Both men raised their rifles, and a miracle happened. The pigs shot first. A bullet dug up ground in front of the pit and a second one buzzed over our heads.
“Get down,” I said, and both men ducked into the pit.
“They found us,” said Cooper.
“Who?” said Hemingway. “The ones after you or the ones after Luis?”
“Got us nailed down,” said Cooper through clenched teeth.
“We have the high ground,” said Hemingway. “We can wait till dark and …”
“We have to get the hell out of here,” I said. “It’s as simple as that. We’ve got to get behind them, or they’re going to keep us on this hill till they kill us. Do you have a phone in that cabin?”
“No,” said Cooper.
“Is there some nice safe way down where someone can’t hide and wait for us?” I asked.
“No,” said Cooper.
“See my point?” I said. “One of you can stay up here and keep them busy. The other one can come with me and go around behind them.”
“Right,” agreed Cooper. “I couldn’t make it down behind them without making a lot of noise, not with my back and hearing. I’ll stay up here and keep them busy.”
“I think I’d better stay here,” said Hemingway. “My leg would slow you up.”
I looked at both of them, and they looked back at me. Good-bye was in their eyes. It was my job and welcome to it, but there weren’t going to be any words.
“Hell,” said Cooper after a long pause and another bullet from the woods. “I’ll go with you.”

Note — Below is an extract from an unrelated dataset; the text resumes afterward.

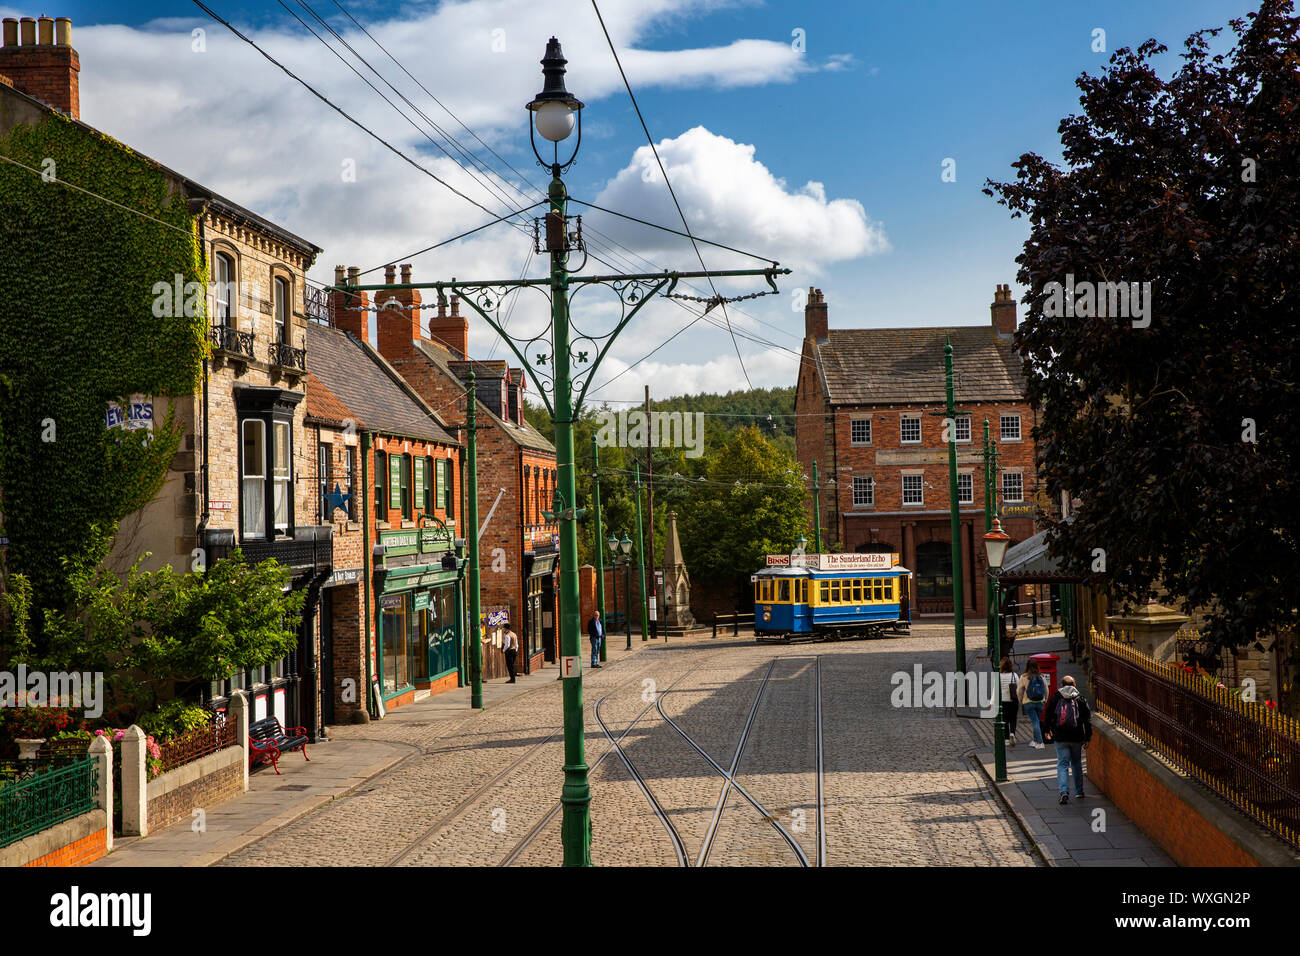 UK, County Durham, Beamish, Museum, Town, Main Street shops and tram Stock Photo

“No,” I said, rolling over the side of the hill, away from the woods. Hasn’t every private detective stalked killers in woods infested with wild pigs and rattlesnakes? This wasn’t my jungle, but I was stuck with it.
The sun went down on one side of the hill and I went down the other. I got to the bottom before the sun. My feet had picked up about twenty pounds each and were taking on ounces fast as I made my way around the hill, trying to look for snakes and at the same time not be killed by hidden Fascists or some combination of Fargo, Gelhorn, Bowie and Lombardi, a firm with which I wanted no further business.